On average, Canadian institutions allocate 18.8% of total assets to ETFs, which represents the highest average allocation in the world. Institutions around the world are increasingly using ETFs in their portfolios, a move that is primarily driven by their diversity, the report states, and Canada is at the leading edge of this trend.
“Canadian institutions are using ETFs because they are easy to use, fast to execute, liquid, simple, relatively cheap to trade, and provide diversification in a single trade,” says Andrew McCollum, managing director at Greenwich Associates, in a statement.
The growing use of ETFs by institutions generally often reflects a move from active to passive investment strategies, but “Canadian institutions are also using index ETFs to obtain exposures used to generate alpha at the asset allocation level in actively managed strategies,” the report states.
Increasingly, institutional investors are using non-market cap weighted ETFs, Greenwich reports, which is boosting overall investment allocations to ETFs.
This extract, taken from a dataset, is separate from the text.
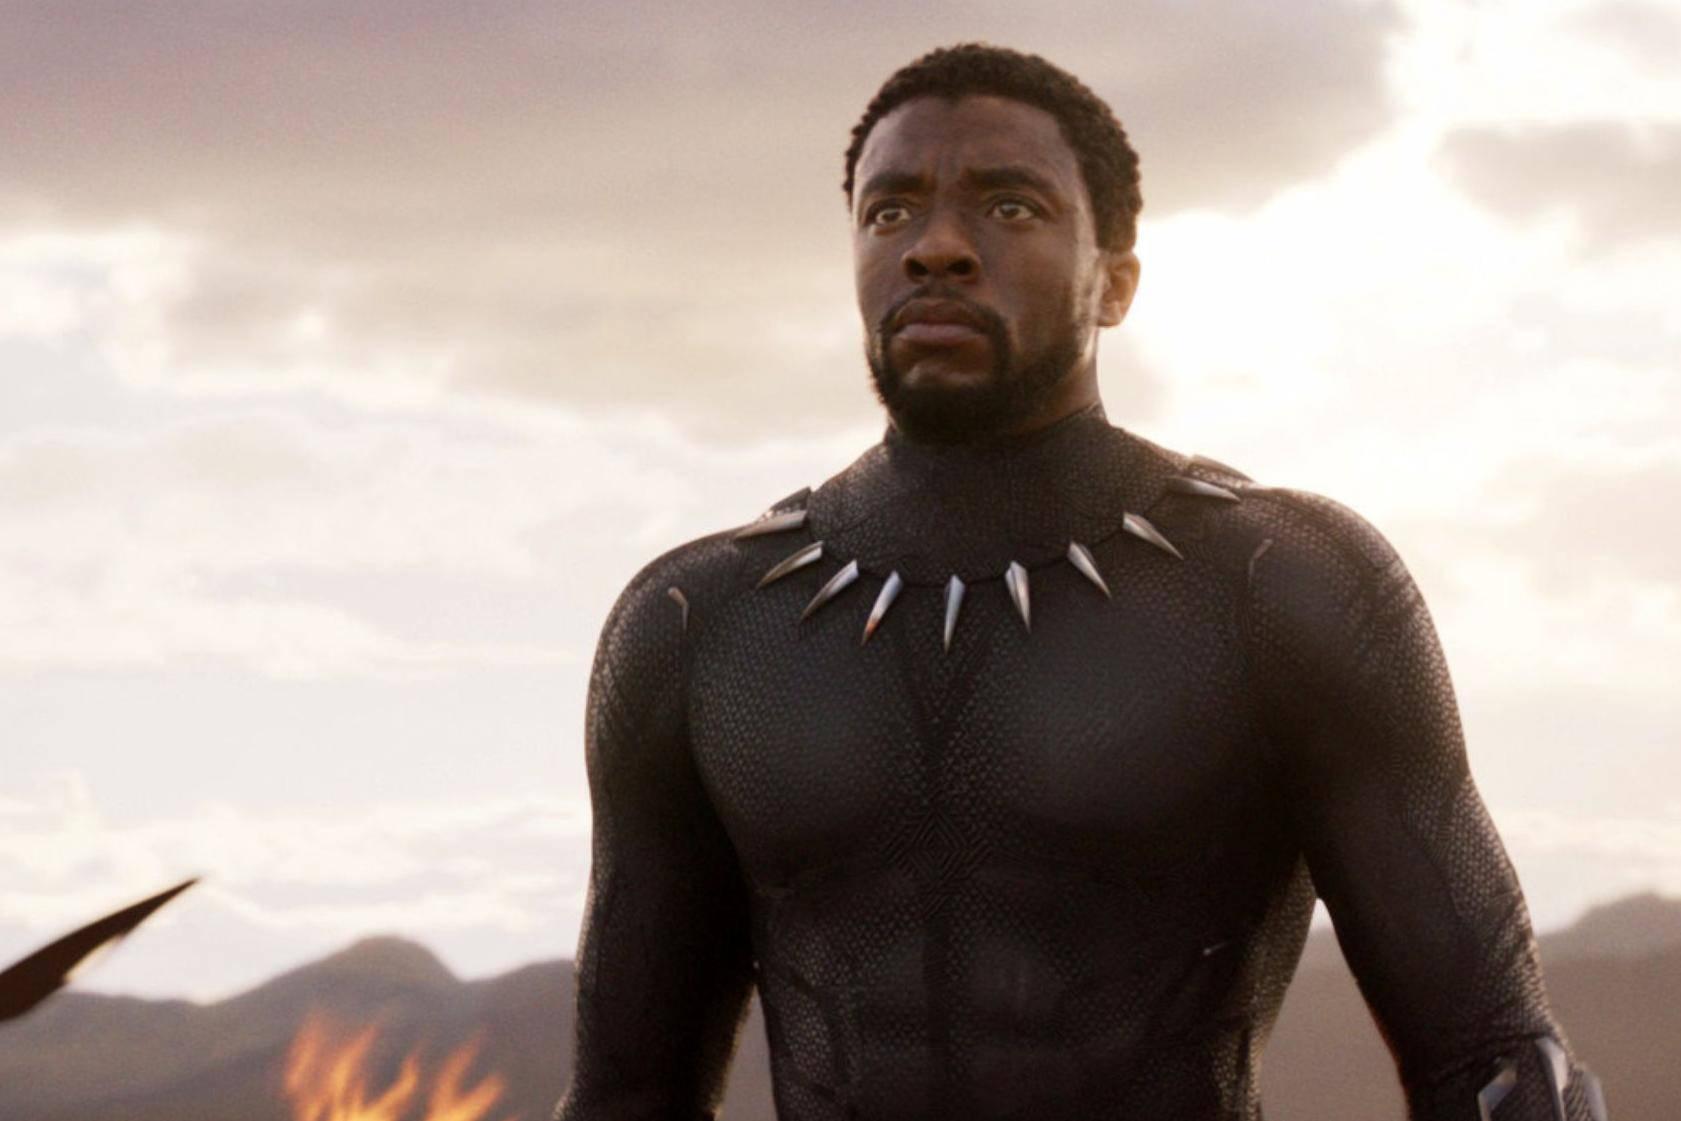 'Black Panther' je superjunački spektakl uz ozbiljan podtekst

According to the report 46% of the Canadian institutions surveyed are investing in non-market-cap-weighted ETFs, with minimum-volatility ETFs, which are “designed to protect investors from a spike in volatility”, attracting most of this investment.
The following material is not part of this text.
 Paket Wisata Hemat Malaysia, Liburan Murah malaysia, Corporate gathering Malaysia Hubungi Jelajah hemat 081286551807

Looking ahead, Greenwich expects to see ETF allocations continue to rise among Canadian institutional investors. Investors that are planning to increase their use of ETFs on the equity side outnumber those that are planning to reduce their usage by a ratio of three to one, according to the report. On the fixed-income side, planned increases are outpacing expected reductions by a ratio of two to one.
“In the meantime, new institutional investors will continue entering the ETF market in fixed income, commodities, real estate, and other asset classes,” McCollum adds.